REQUIRED WORK:
The copy you give must match the listing below exactly and contain no pictures.

INFORMATION SHOWN:
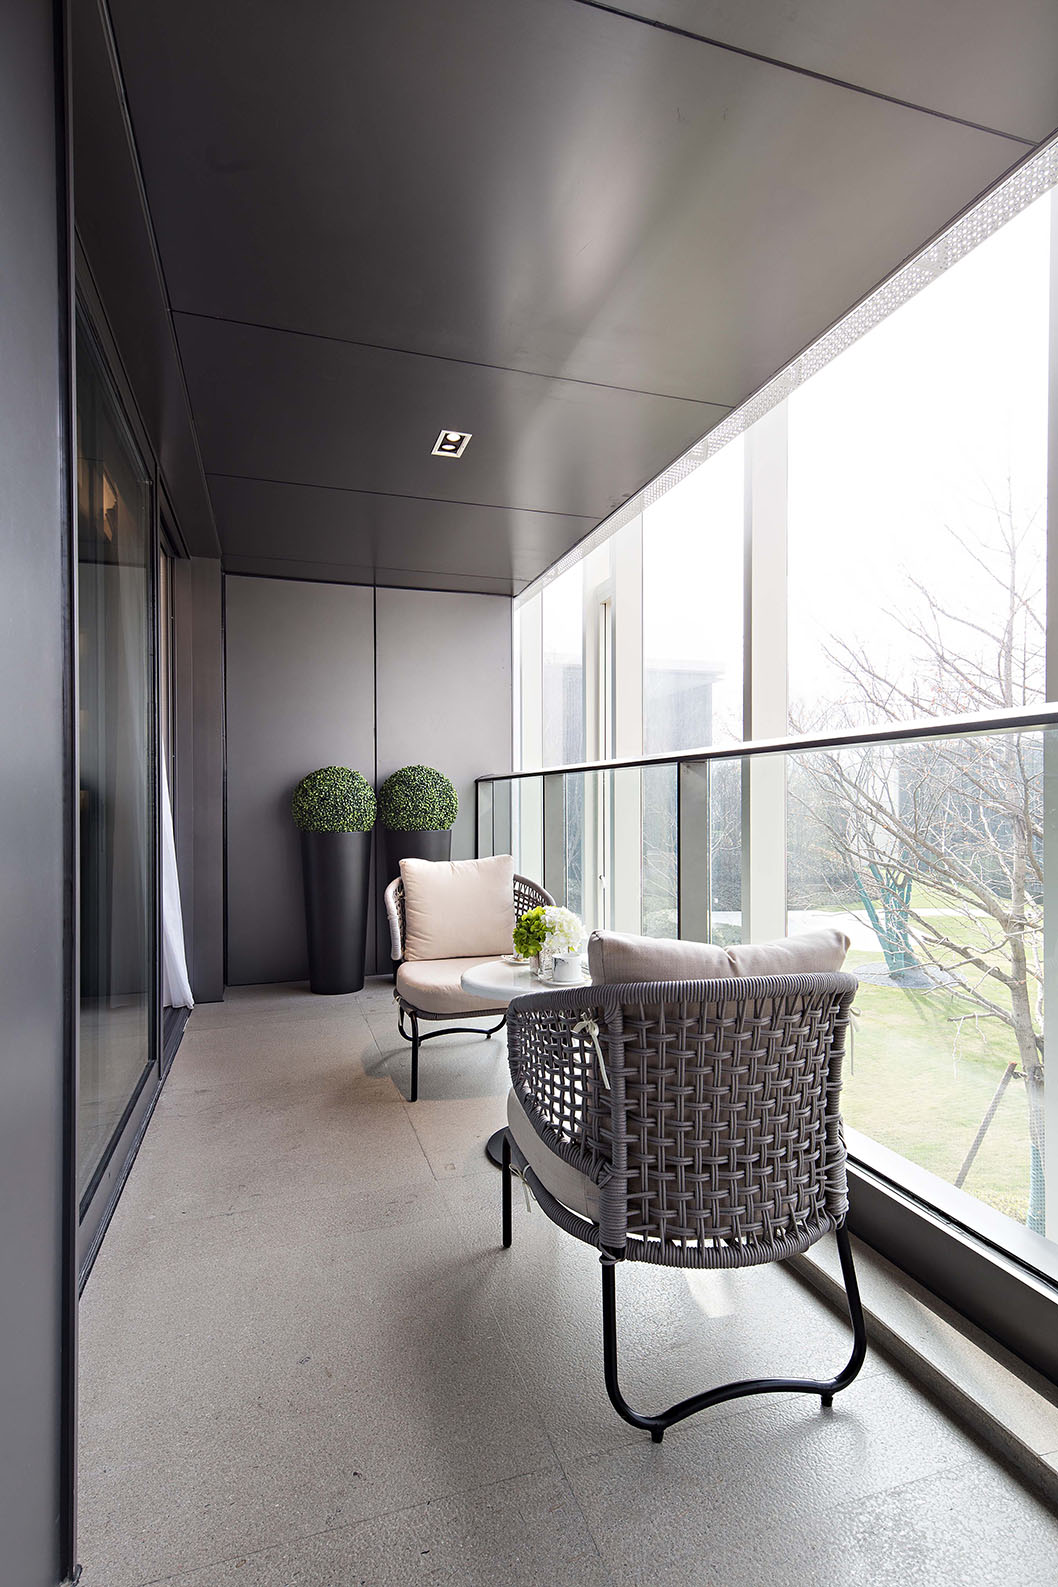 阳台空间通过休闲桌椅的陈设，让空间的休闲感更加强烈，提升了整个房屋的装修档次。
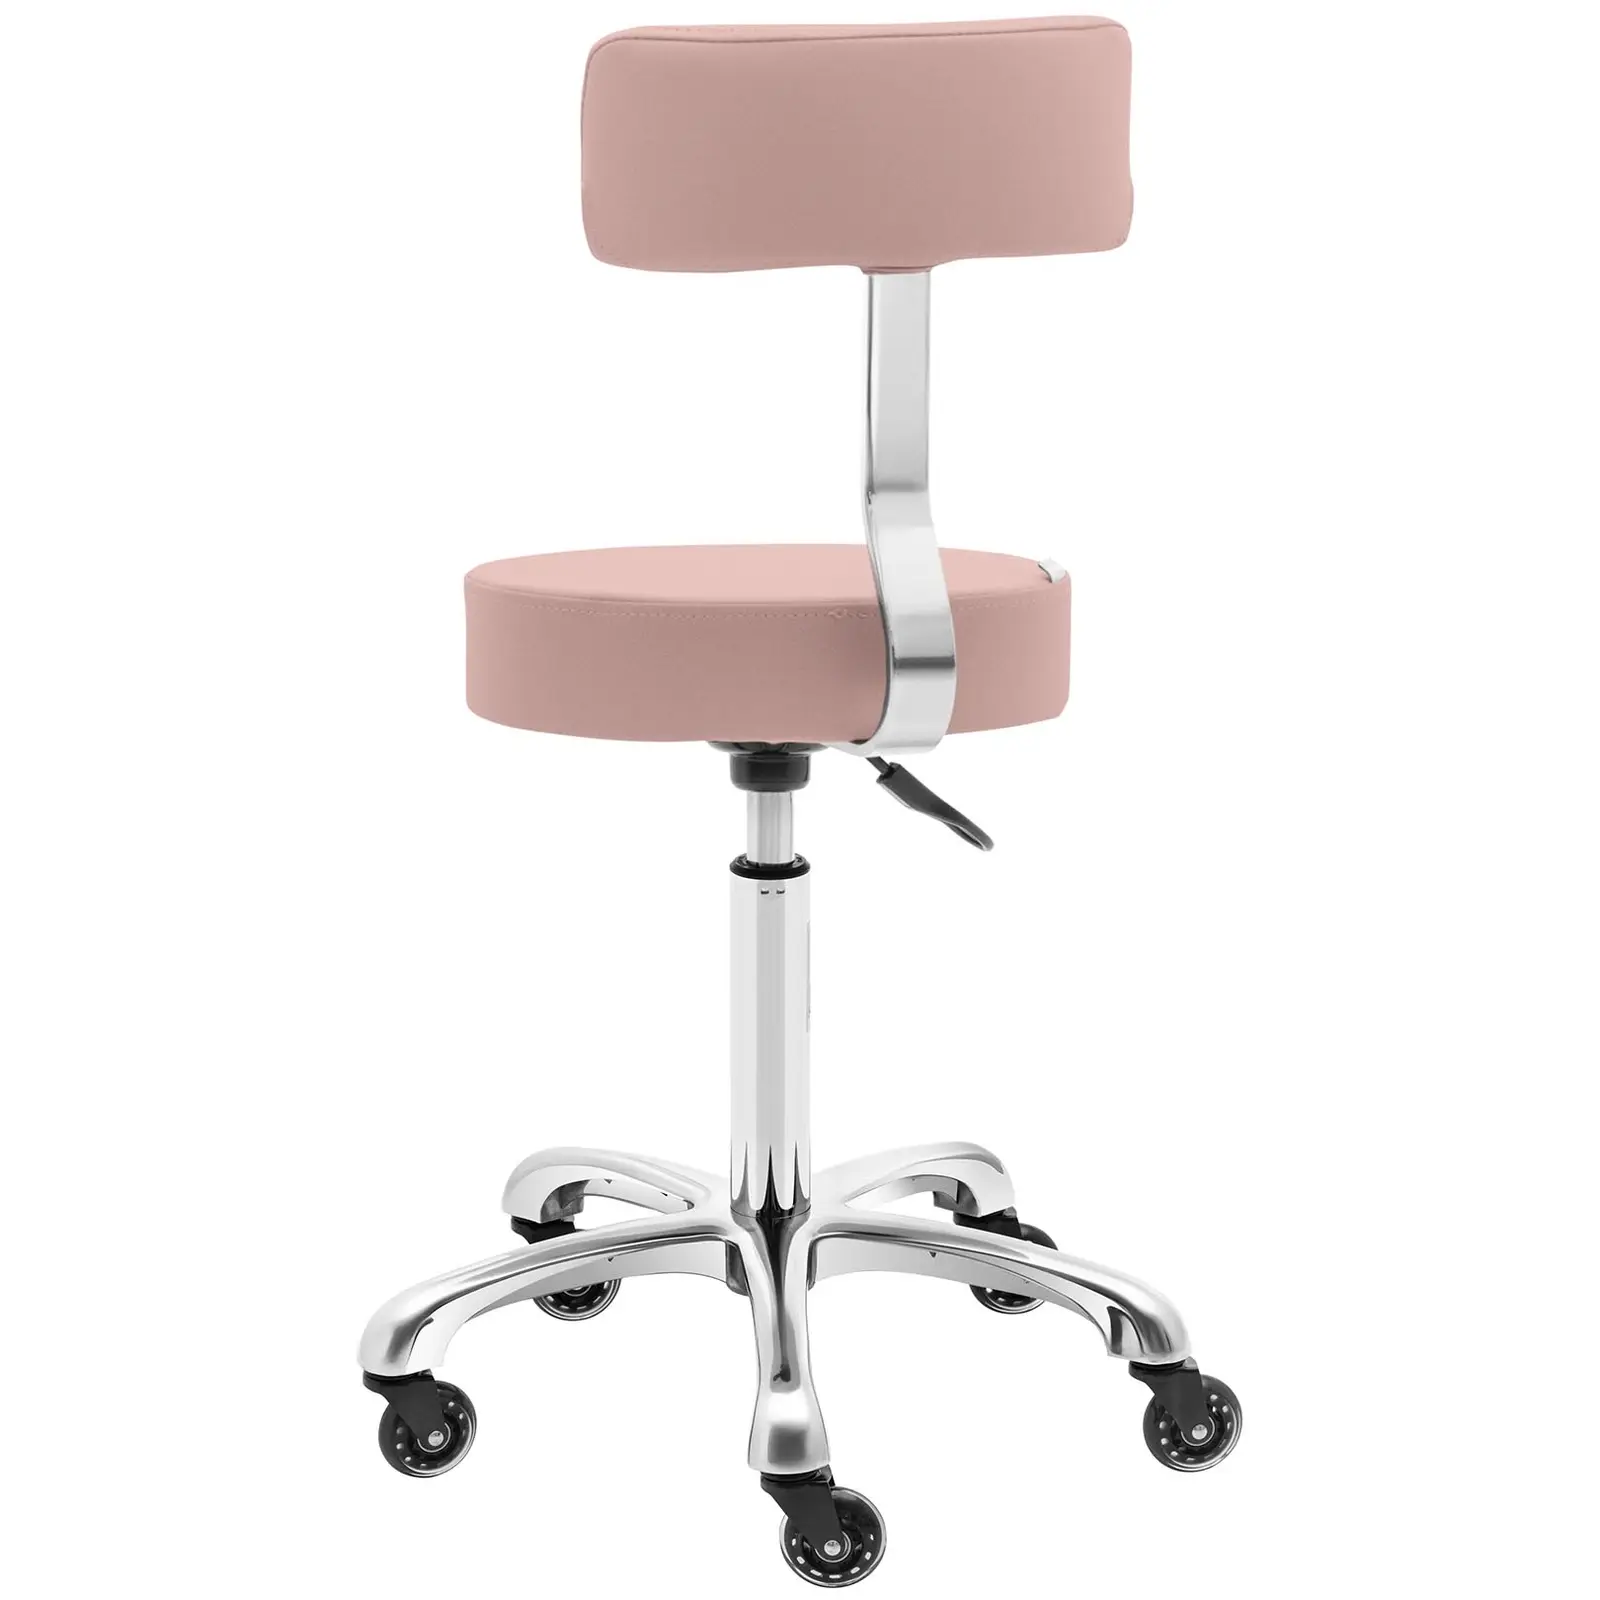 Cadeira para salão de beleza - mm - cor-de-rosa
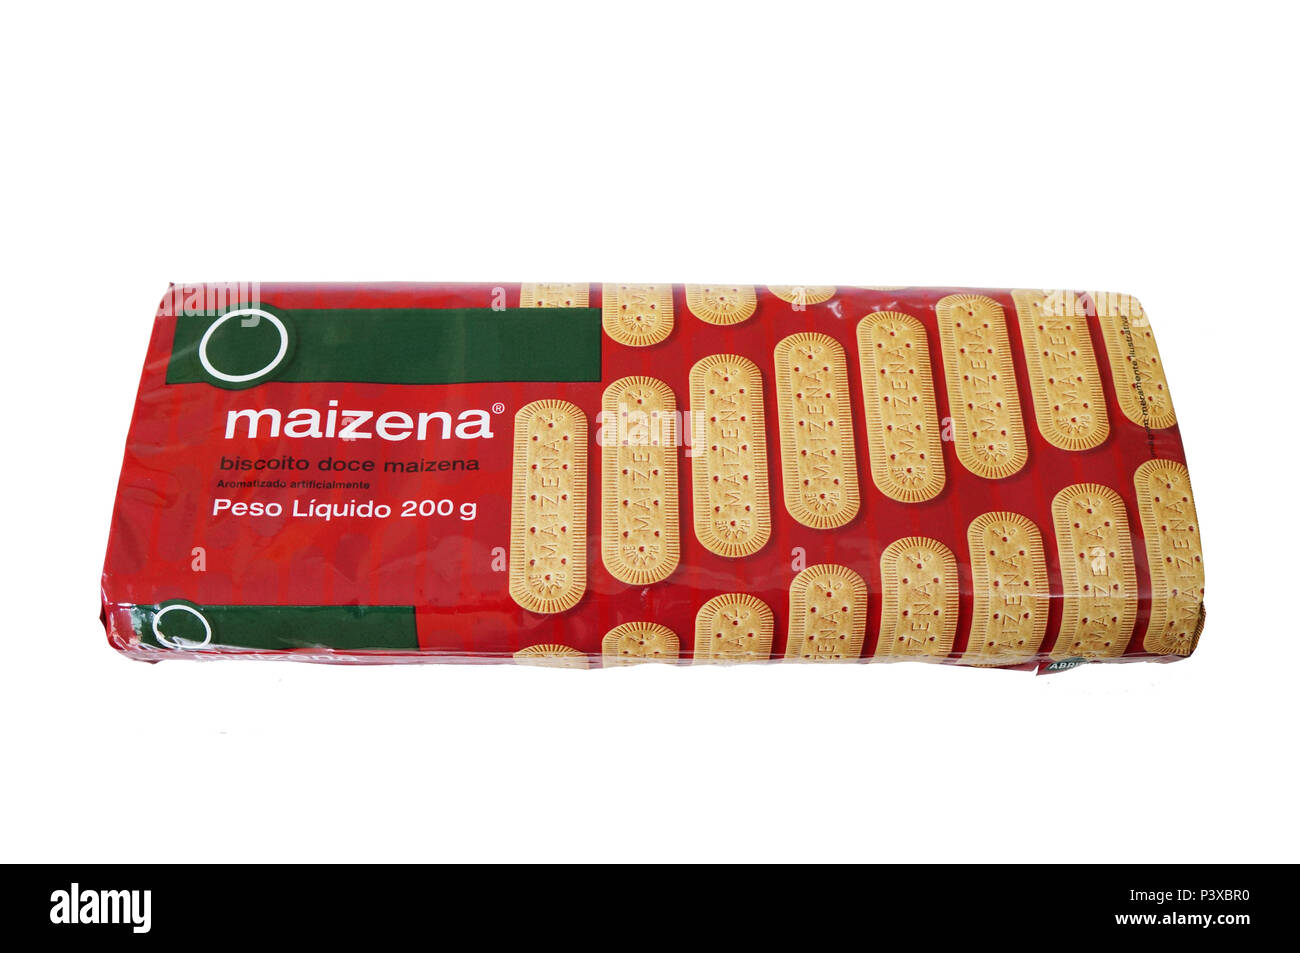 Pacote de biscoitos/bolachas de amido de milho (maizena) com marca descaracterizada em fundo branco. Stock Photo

ANSWER BOX:
 阳台空间通过休闲桌椅的陈设，让空间的休闲感更加强烈，提升了整个房屋的装修档次。
 Cadeira para salão de beleza - mm - cor-de-rosa
 Pacote de biscoitos/bolachas de amido de milho (maizena) com marca descaracterizada em fundo branco. Stock Photo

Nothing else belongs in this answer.